Link Rot / DH Care / thanatology of websites

I recently listened to a podcast which highlighted the prevalence of Link Rot in websites. A member of the Harvard University’s Library Innovation Lab mentioned in the podcast examining more than two million links in New York Times articles found that

“25% of all links that were used on the New York Times were completely inaccessible”.

I wonder if there is some connection, perhaps racial, between the care and maintenance of websites and the prevalence of Link Rot? The problem with this question is that it is my assumption that individuals typically maintain websites and not Institutions. The question of an unbalanced maintenance of websites which deal with non-white content and then choking it up to Institutional bias is difficult to pinpoint. My initial guess is that if Link Rot happens to a website it is because the author/creator of the site has deemed it defunct and moved on to other things. But not always.

I think it still would be interesting though if the Harvard U team filtered down to which websites had higher rates of Link Rot based on the subject matter/author. Perhaps they would find out that articles on Race/Gender issues were relegated to a certain server which didn’t receive the same amount of care as other articles. Perhaps it would be the Opinion pieces? I wonder if there isn’t some bias that could be identified in the storehouse of large Institutional websites.

Still, the analogy of care for websites and the “A Pedagogical Search for Home and Care” article is a bit thin. When is a website dead? When does it require care? I identify Link Rot in this analogy because it the most obvious form of decay that websites endure. It is also the most revolting to our senses. We shudder at outdated websites in the same way facing death agitates us. But yet, wouldn’t it be better to define these websites as dying, and isn’t there a place for dead sites: https://archive.org/?

How would we go about thinking of a thanatology of websites?

Maccioni / Pedagogy Week Readings

This week, I was struck by Ryan Cordell’s piece “How Not to Teach Digital Humanities” given its approach to questioning basically the structure of our own DH Intro course. I have been finding some DH readings difficult, especially those that play “inside baseball” and position entry-level scholars to save a field they have yet to enter (a trap that Cordell falls into himself). I have been asking myself, outside from the academic context, why is DH important?

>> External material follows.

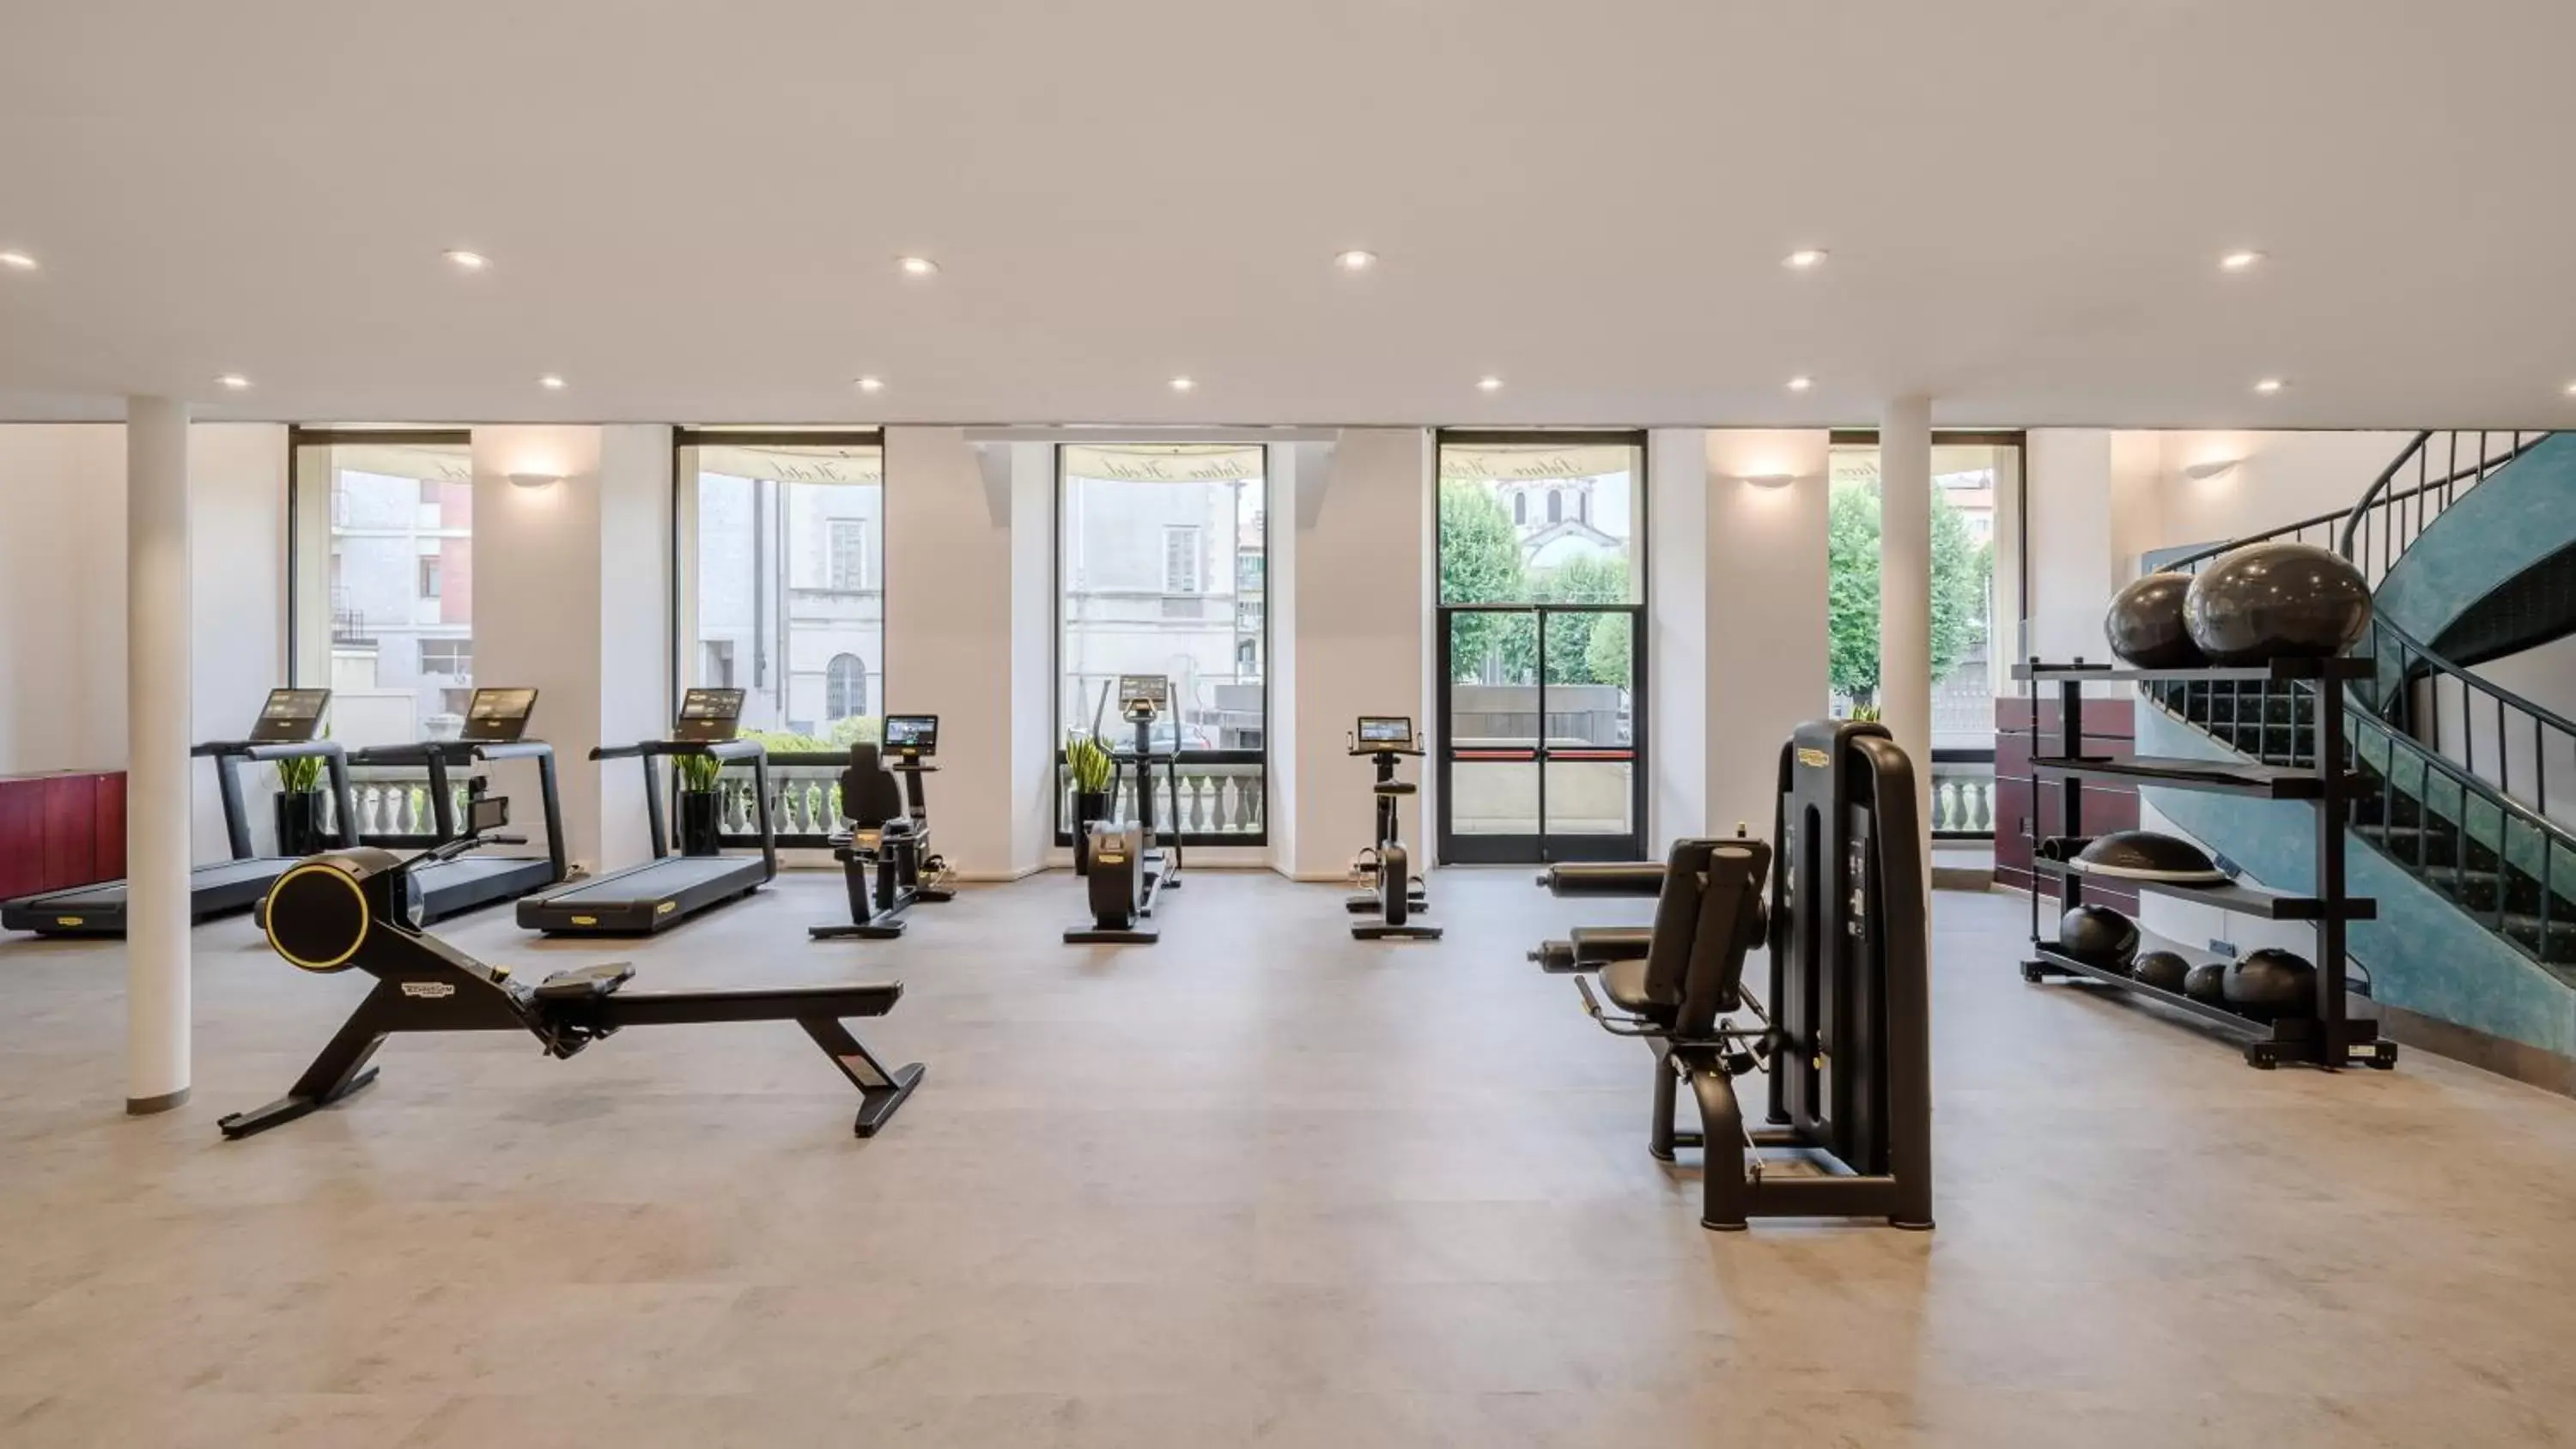 Fitness centre/facilities, Fitness Center/Facilities in Palace Hotel Lake Como
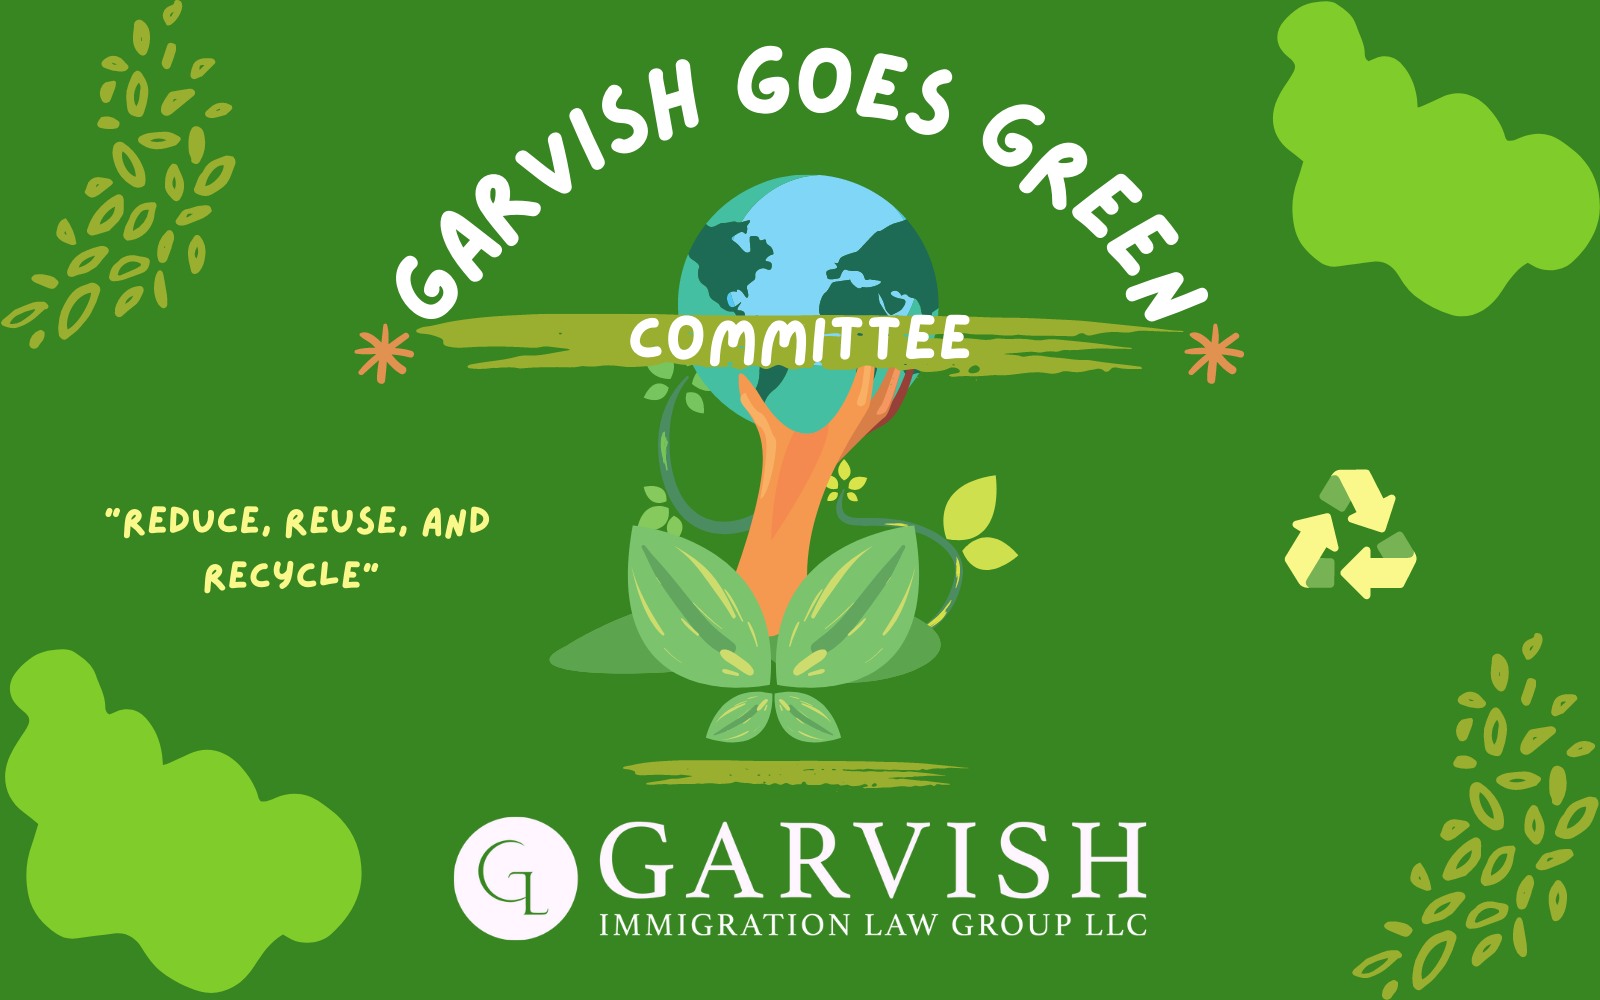 Garvish Immigration Going Green Committee Reduce Reuse Recycle Earth Day

Risam offers a few ideas, particularly when around with DH x Postcolonial education:

  • Understand the politics of knowledge production and how print, and now digital, cultures marginalize communities outside the Global North
  • Become critical tech consumers, which can help transform into skepticism into action
  • Engage with the “core concepts that undergird modernity and alternative perspectives on community formation by considering instantiations in the digital cultural record”

In terms of a pedagogical approach, Cordell gives a few reasons as to why readers like me tend to not be engaged; a lack of attention to case studies in class, teaching DH to DH (rather than to a specific discipline that could benefit from digital tools/theories), and general undergraduate technological skepticism. All of these resonated, and made me question: Where was the digital in my undergraduate liberal arts degree? Should I now just be studying Art or History and use digital tools rather than studying DH itself? Cordell lends a few suggestions that I particularly agreed with (and wish had been shared with me, especially at the undergraduate level):

  1. “You do not need an entire DH curriculum, or even a designated DH course, to introduce substantial digital pedagogy into your classes: Teach distant reading alongside close reading and do not worry about proving how revolutionary the former is.
  2. “Teach new technological tools as a development in the range of human technology: By contextualizing our moment of digital remediation historically, as but the latest phase in a long history of textual reinvention, help students understand why assignments ask them to experiment across modalities [and] consider the medium as well as the message of their own research and arguments.

However, beyond pedagogical suggestions Cordell leaves us at a dead end. He writes that once the DH mania is over, there must be “more productive rapprochement with the larger humanities fields.” Where is that? Is the DH mania over? If so, what are these rapprochements, and how can I, as a new student, start from these rapprochements rather than helping to define a field that may one day eclipse itself? I tend to think that this answer lies in practice, and so I look forward to continuing these thoughts and questions as I work on my text analysis project, and into my final work for the course.